Sunday, 16 October 2011

Looking at Concept Art: Monster Hunter

After looking at the art of Final Fantasy XIV I was reminded that I had a copy of the art of Monster Hunter on my shelf. Considering the game is fantasy based I thought it'd be good to look through both for analysis and use during the conceptualising step of my characters. I have a feeling it'll come in great use when I get stuck with a design for armour or a weapon.

This piece here show one of the many and various types of armours players can obtain. Firstly all of the armour in the game is based off the monsters you defeat which is a great idea for designing armour. Here in this design there is a clear mix of several elements such as metal, dragon hide and leather, then theres the great inclusion of a piece that is more recognisable as apiece of dragon on the arm acting as a shield/gauntlet of sorts. The head piece also creates avery intimidating look to this armour implying that the creature was clearly one that takes a high amount of skill to dispatch.

The colour scheme here again follows that base idea of two main colours with shades backing up the design. The use of grey and orange work well together and backed up with the cool grey really give an almost realistic value to the design.


This piece here shows the variations of one armour set for two genders. The main differences between the two are that the male varient features a helmet and the female one has more of a dress. Beyond that the designs are pretty similar but the slight differences between the two go a long way to add diversity to one armour set.

Another thing about this armour set shows that in the Monster Hunter universe there's a good amount of variation from the large bulky ones such as the above to these more selnder and light weight looking armour. This combined with the fact that most armours have male and female variants adds much more visual depth to the game and the world the players live in. As noted in the my analysis of Final Fantasy XIV art the armour is almost colour coded, where as here it's more relating to the monsters which were slain to gain the armour the colour coding is still present.



This final piece is in here as it shows the amount of annotation the artist has put onto one piece which gives me the impression that many of the armours designed will have had the same amount of notes written around them. With the image and this much annotation theres no way anything would get left out between steps of passing over concept art to the modeller or programmer.

I will try keep this in mind as I have often annotated my own designs but not to this level where every little detail is explained, hopefully this would give me the experience of working in the art department solely instead of on this project.

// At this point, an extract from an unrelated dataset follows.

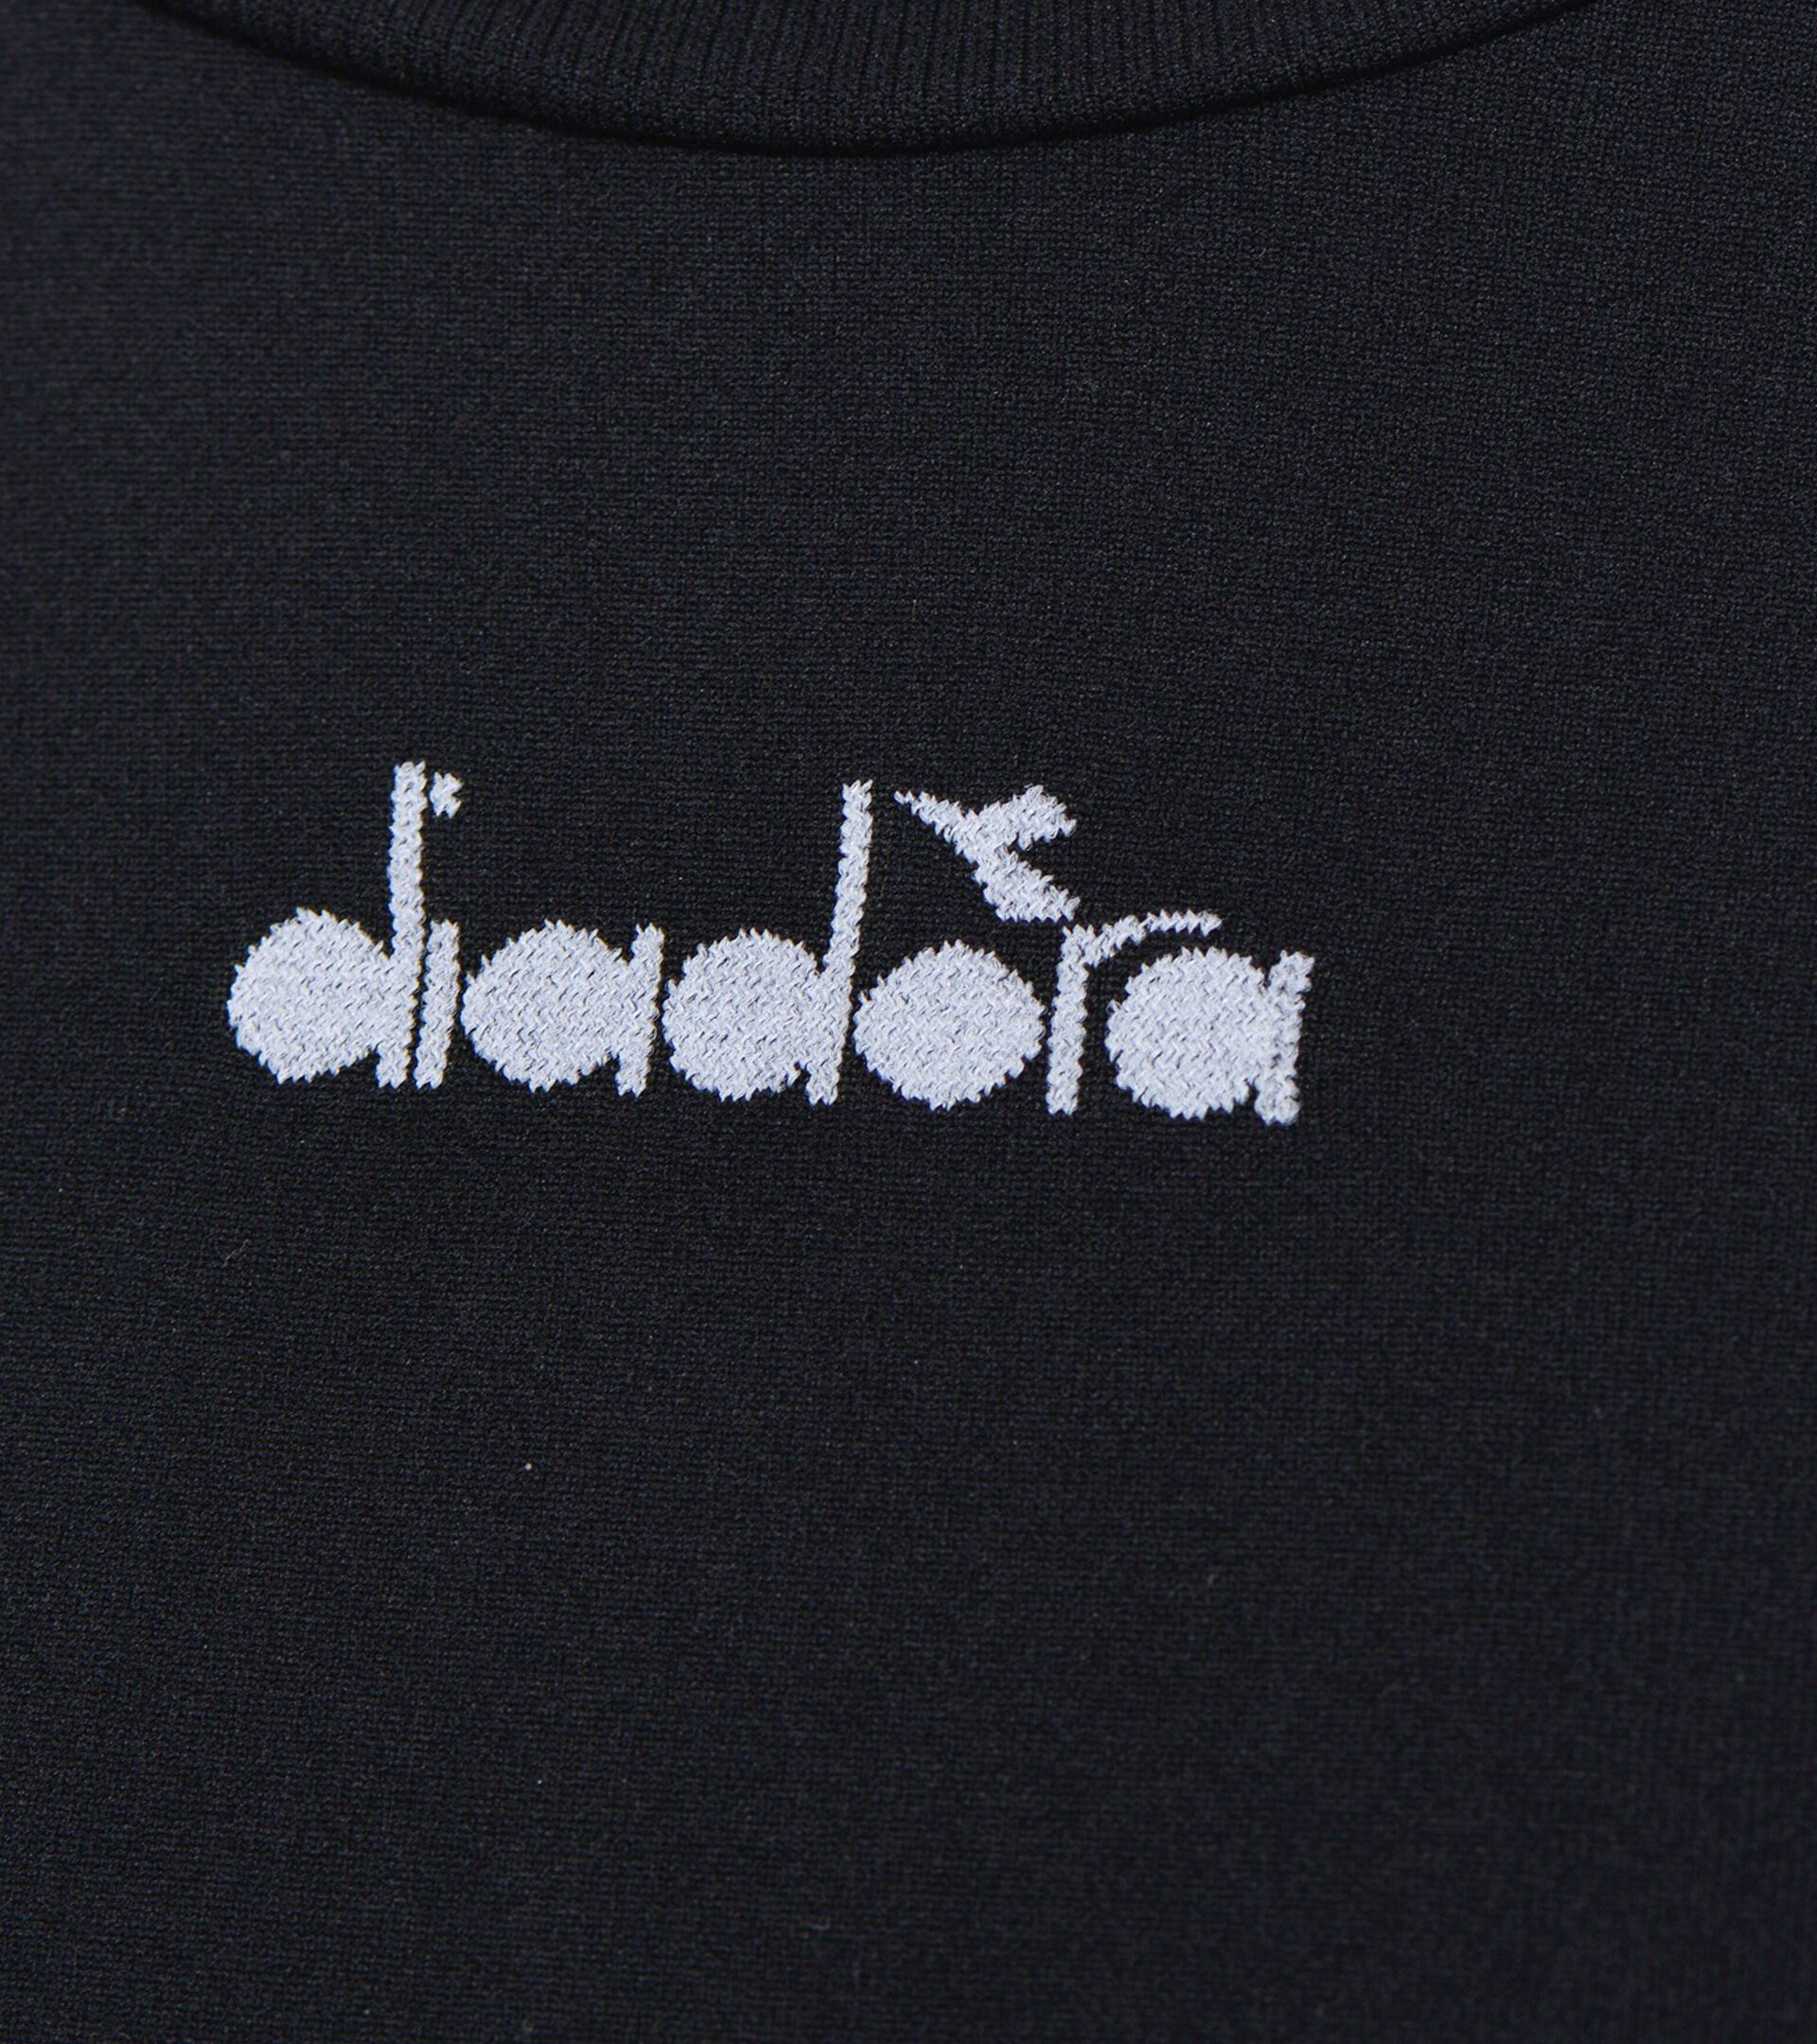 Apparel Sport DONNA L. SS SKIN FRIENDLY T-SHIRT BLACK Diadora
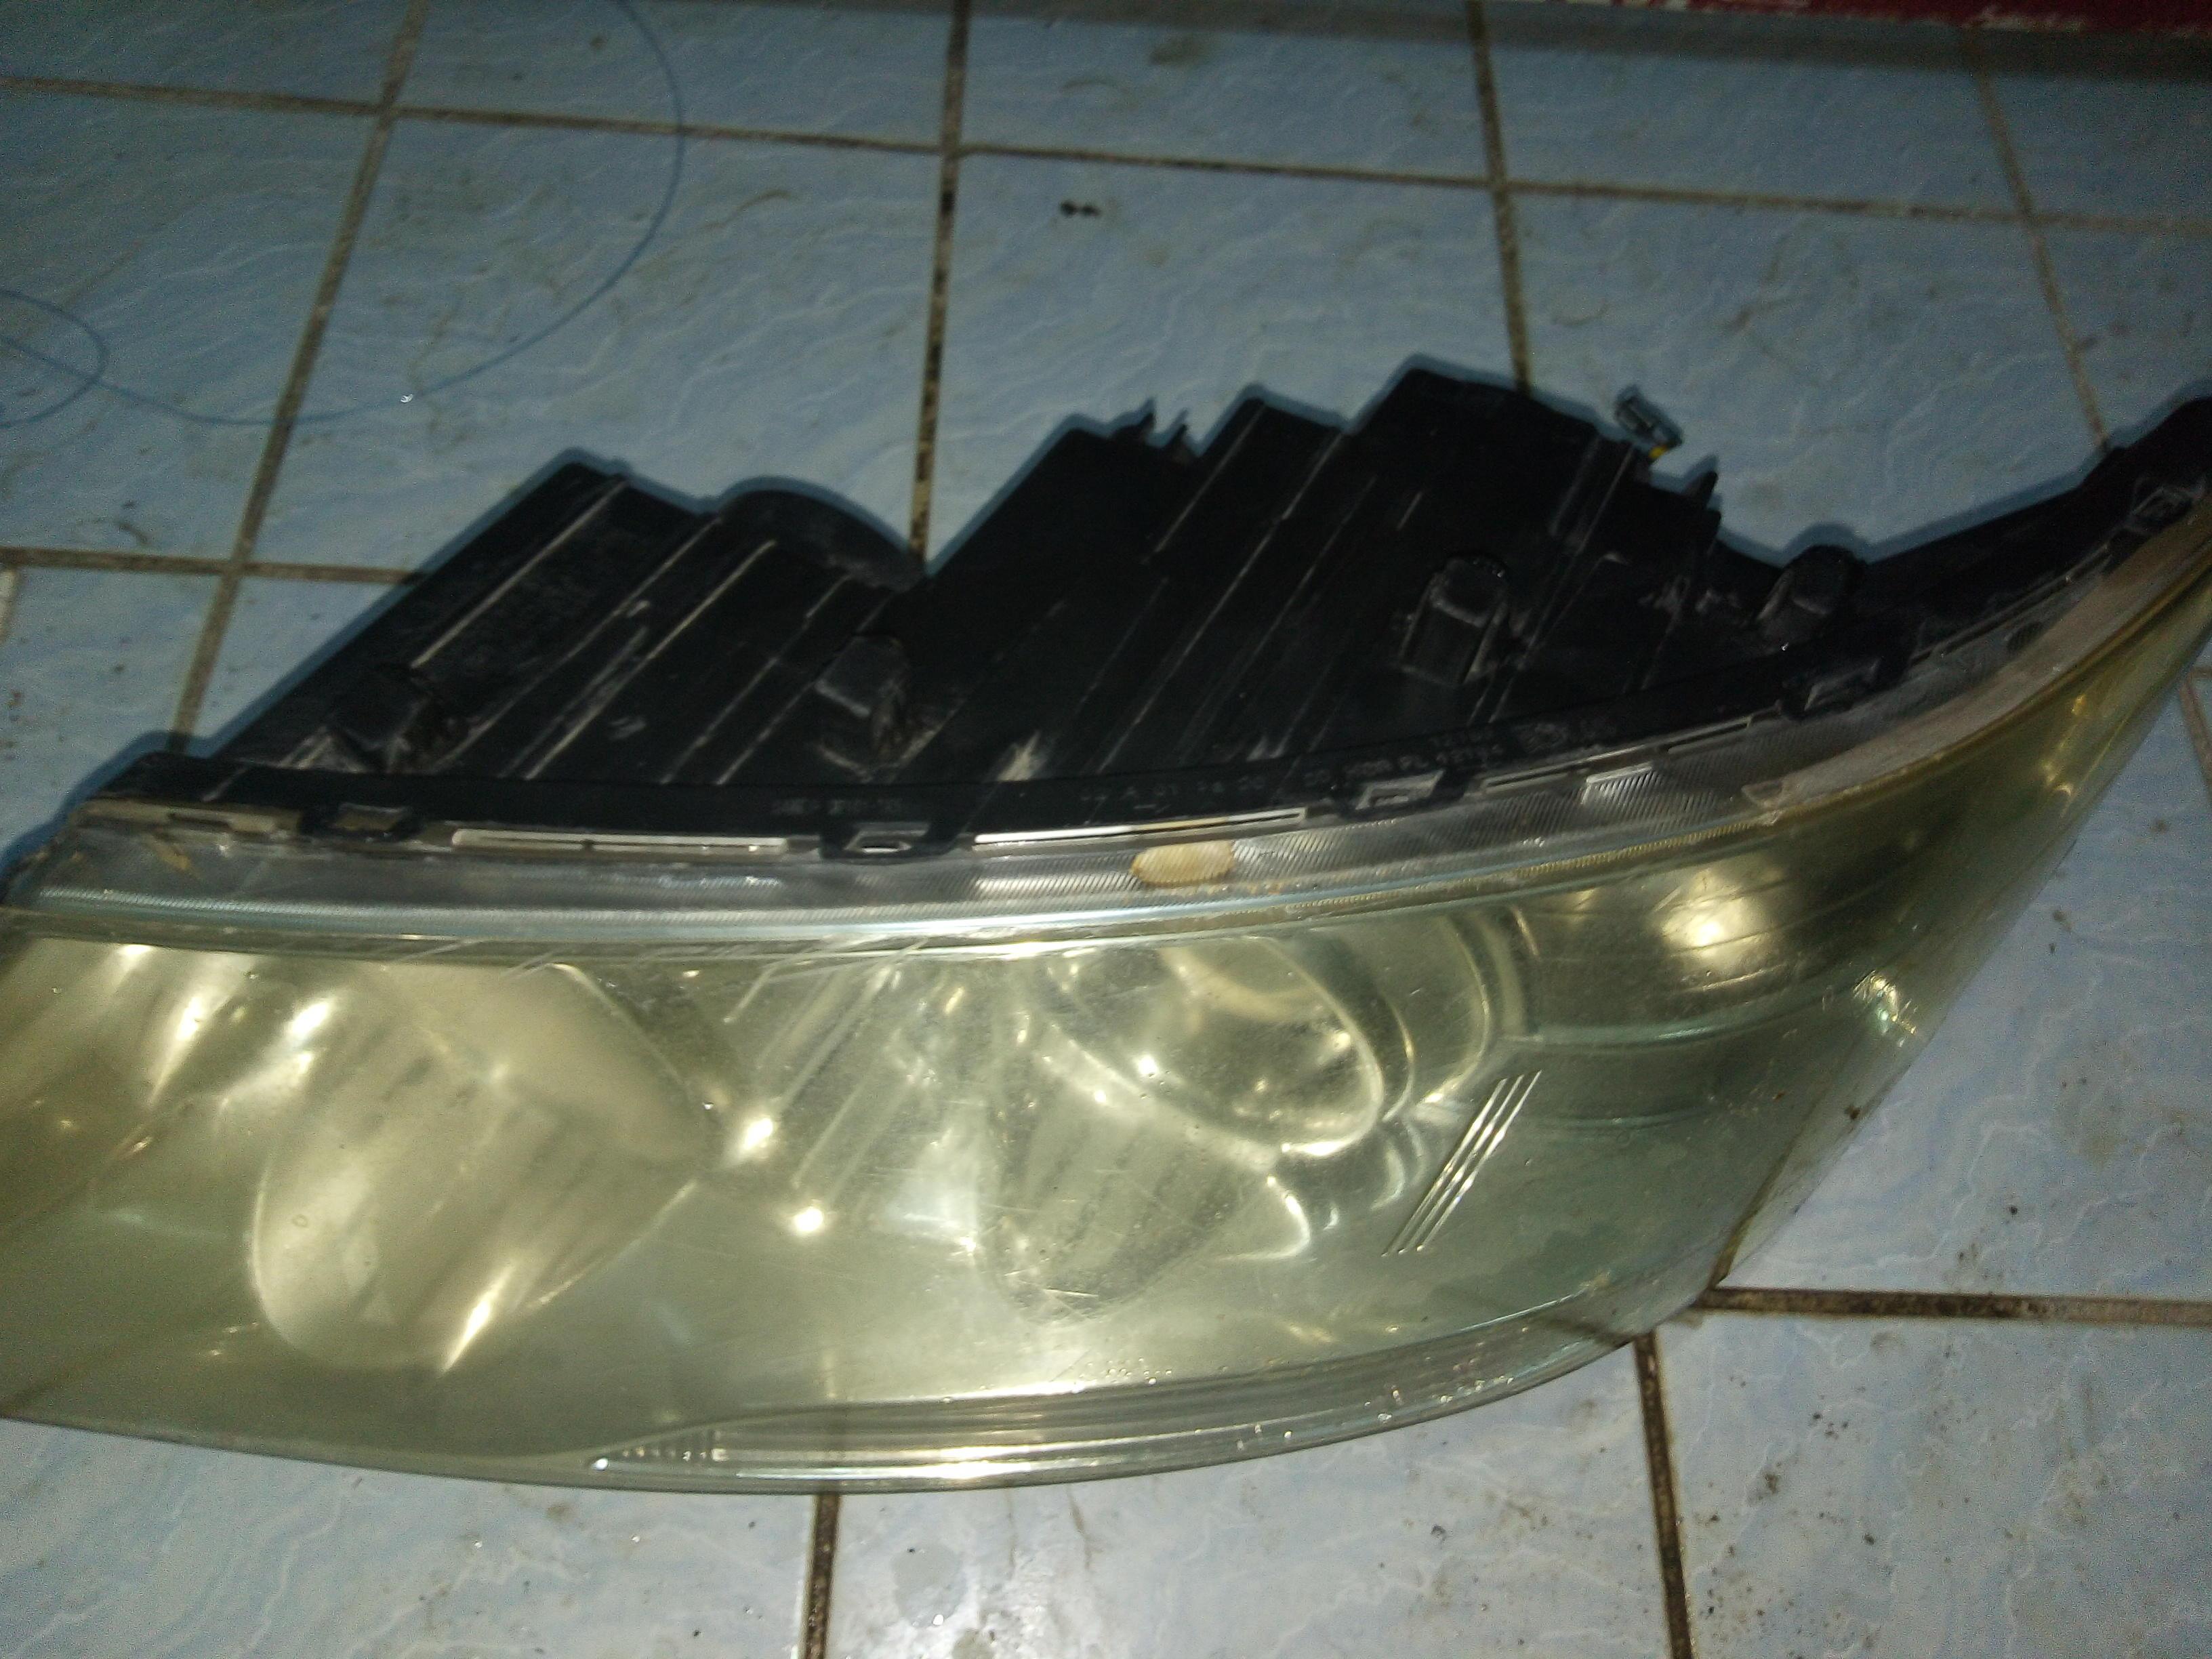 شمعات سوناتا 2010 تبوك

The armour itself like many of the others is well designed mixing in many influences from various eras and the design of the weapon is not to be taken seriously and adds that bit of fun to the design and ultimately the game.

I would imagine that this work would have been sketched out first before being polished up and coloured with a paint program, this is beginning to become very much a trend in the artwork I've been looking art, I may end up using this as my main method creating my work.